Note. AAA, abdominal aortic ANEURISM; ALP, alkaline phosphatase; ALT, alanine aminotransferase; AMI, acute myocardial infraction; AST, aspartate aminotransferase; AVR, aortic valve disease; BCG, bacille calmette-guérin; BMI, body mass index; CRC, colorectal cancer; DEXA, dual X-ray absorptiometry; GGT, gamma-glutamyl transferase; GIOP, glucocorticoid-induced osteoporosis; HDL, high-density lipoprotein; HbA1c, hemoglobin A1c; HF, heart failure; IS, ischemic stroke; LDL, low-density lipoprotein; MMR, measles mumps rubella; PAD, peripheral arterial disease; TIA, transient ischemic attack; UA, unstable angina.

Note. DEXA, dual X-ray absorptiometry; AVR, aortic valve disease; BMI, body mass index; MMR, measles mumps rubella; BCG, bacille calmette-guérin; ALP, alkaline phosphatase; AST, aspartate aminotransferase; GGT, gamma-glutamyl transferase; ALT, Alanine aminotransferase; HbA1c, hemoglobin A1c; LDL, low-density lipoprotein; HDL, high-denisty Lipoprotein; PAD, peripheral arterial disease; TIA, transient ischemic attach; HF, heart failure; AAA, abdominal aortic aneurism; AMI, acute myocardial infraction; CRC, ColoRectal Cancer; GIOP, Glucocorticoid-induced osteoporosis; IS, ischemic stroke; MMR, measles mumps rubella; UA, unstable angina.

The most prominent percentage difference in incident event counts between source and OMOP CPRD GOLD was observed for PAD (3.0%) and Bacille Calmette-Guérin (BCG) and Pneumococcal vaccines (1.6% and 1.0%, respectively). For CPRD Aurum, the greatest incident event count difference was for Albumin blood test result (1.6%) (Table 3). The largest prevalent event count differences between source and OMOP CPRD GOLD were for MMR vaccine (17.5%), PAD (2.9%) and BCG vaccine (1.9%). For CPRD Aurum, the largest prevalent event count differences were observed for the Albumin blood test result (1.2%) (Table 3).

The mapping of events from the clinical tables in source CPRD GOLD database to their respective domains in the OMOP-transformed version is shown in Figure 1. For CPRD GOLD, events from the source “Clinical” table were split between “Observation”, “Condition Occurrence” and “Procedure Occurrence” tables following the OMOP transformation. Events from the “Additional” table were split between “Observation” and “Measurement” domains. Events from the tables “Test” and “Therapy” were mainly moved into tables “Measurement” and “Drug Exposure”, respectively. Events from the “Immunisation” table were also moved into the “Drug Exposure” domain.

Figure 1.

Records (rows of data) for CPRD GOLD before and after OMOP transformation. Note: This figure could not be replicated for CPRD Aurum as there was no direct access to the full database.

Discussion

In this study, CPRD GOLD and CPRD Aurum databases were transformed (separately) into the OMOP CDM (version 5.3.1). A total of 38 diseases, medications, laboratory records, lifestyle measures, vaccinations and procedures/tests were used for comparing the source and OMOP-transformed CPRD databases. The results showed that for CPRD GOLD database, 89.5% of events had no or very small differences in prevalent and incident event counts between the source and OMOP versions. CPRD Aurum showed even better alignment, with 97.4% of events showing no or very small differences in counts between the source and OMOP data. When looking at individual domains, diagnoses and prescriptions showed nearly perfect alignment (differences ≤ 0.1%), whereas vaccinations had the largest mapping discrepancies. Laboratory measurements exhibited marginally higher variability compared with other domains. These differences were due to how the corresponding codes were mapped to tables during the OMOP transformation. The results suggest that vaccine codes (and to a lesser extent laboratory codes) require extra attention when building OMOP cohorts. Moreover, to mitigate information loss and ensure no medical codes are missed, it is important that researchers search for relevant codes across all OMOP tables and domains, rather than relying on a single domain search.
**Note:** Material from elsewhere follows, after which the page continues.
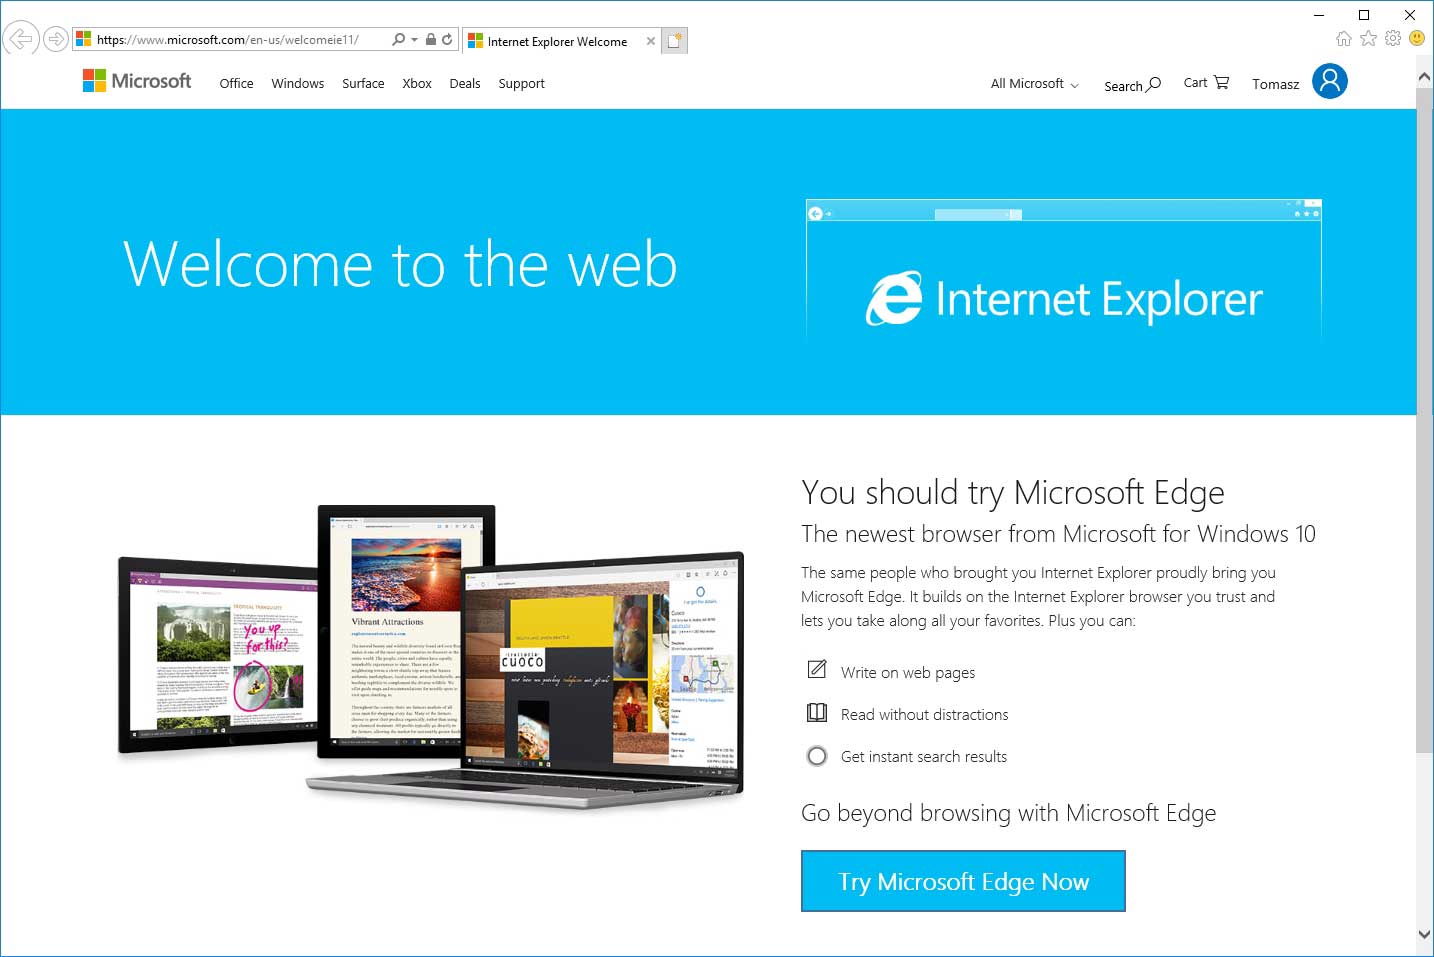 تحميل متصفح Internet Explorer للكمبيوتر

The code lists were generated for the purpose of validating the OMOP transformations for this paper. They were developed using a novel methodology that systematically searches within the description associated with each medical code. Using this approach, it is crucial to include all potentially valid medical terms associated with the disease, medication, etc. Missing a relevant search term could lead to incomplete code list and hence, patient cohort. The advantage with this approach is that it is fully transparent and reproducible. It requires suitable search terms and criteria for deciding whether to include each code within the code list. The limitation of this approach is that it is resource intensive as it requires manual review of large numbers of codes. However, the latter issue can be mitigated by applying exclusion criteria.
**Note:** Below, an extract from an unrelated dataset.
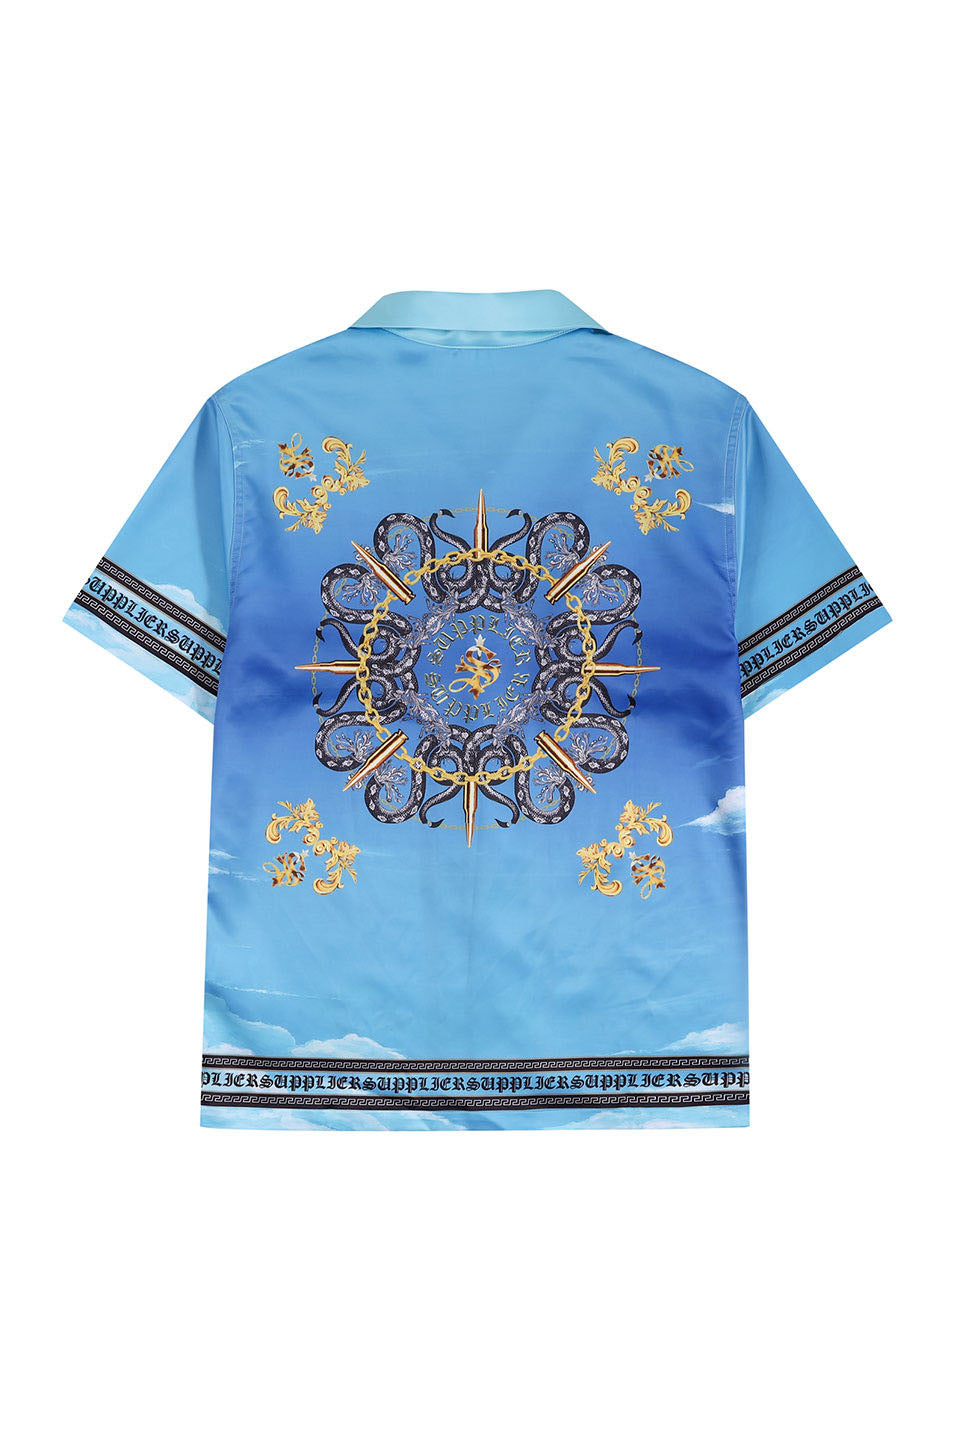 Baroque Cross Shirt

OMOP CDM standardizes different structures across disparate data sources into common tables with a single structure, field datatypes and conventions. This re-formatting of the data is designed to avoid information loss. However, the standardisation process may in some cases inadvertently result in data loss. For example, past OMOP transformations excluded patient information prior to the dates GP surgeries started to provide information according to a set of data quality standards that was introduced at the time. Although it is likely that this information may not be completed as consistently or as fully, it is still believed to be accurate and valuable and therefore, should be used.

The 38 cohorts were chosen to cover a broad range of clinical events. We believe these events provide a sufficient test for validating the measures derived using the source against the OMOP-transformed CPRD versions. However, these may not be representative of all possible use cases in CPRD data, particularly for conditions captured infrequently (rare events).

Converting CPRD to the OMOP CDM can be challenging because of the unusual data structure some of the source tables have. Our evaluation relied on the quality and transparency of the ETL process provided by the vendor. Moreover, vocabularies such as Read codes are very comprehensive and granular which means that some source code types may not be mapped to the OMOP Vocabularies.³⁴ However, all Read codes were retained (whether mapped to a concept id or not) and placed in the Observation table.

Although our analysis focused on UK primary-care data, the same principles can be applied to any databases transformed to OMOP CDM. These can include specialty medicine, hospital or claims data. Researchers working with these data types can follow a similar approach (generating code lists, manually reviewing mappings, and comparing event counts) to evaluate potential information loss in these data. Moreover, because OMOP Vocabularies are country-agnostic, this approach could be extended to healthcare data outside the UK, enabling consistent validation across international datasets. To replicate and validate CPRD OMOP transformations without having direct access to patient-level data, researchers can use high-fidelity synthetic datasets that have been generated by CPRD (available at https://www.cprd.com/synthetic-data).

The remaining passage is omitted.